第8話 スマホライトが照らすもの
Jは夜道を歩くとき、スマホのライトを懐中電灯代わりにしていた。
ある晩、帰宅途中の細い路地で、ふと違和感を覚えた。まっすぐ前方を照らしているはずなのに、足元に**“誰かの影”**がかぶさっていた。自分の影ではない。肩幅が広く、首の角度が奇妙に傾いている。
(前から来てる?……いや、誰もいない)
周囲には誰もおらず、ライトの先には何も映っていない。なのに、足元にはもうひとつの影が、ぴたりと張りついていた。
まるで——背後から照らされたかのように。
自宅に戻ったJは、スマホを確認してさらに震えた。ライトが点灯していたとき、カメラも勝手に作動していたらしく、“反対方向”の写真が連写されていたのだ。

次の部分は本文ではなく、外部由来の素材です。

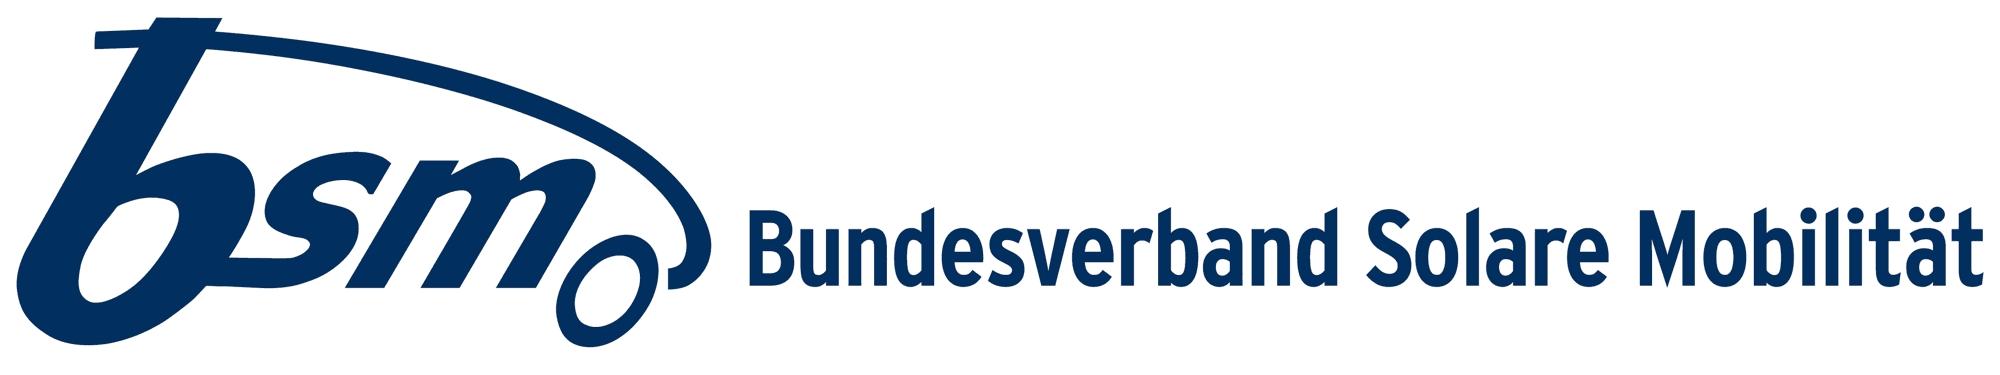 Bundesverband Solare Mobilität Berlin eV

そこには、Jの背後、つまり“誰かがJを撮っていた”かのような視点からの写真が並んでいた。
最後の1枚。Jの肩越しに、白い顔がこちらを覗き込んでいた。
次の日、Jはライトを使わずに帰宅した。だが深夜、机の上に置いたスマホがひとりでに光り始めた。
背後の壁に、今度は自分のものではない影が、はっきりと浮かび上がっていた。
影は、ゆっくりとJの影に重なっていった。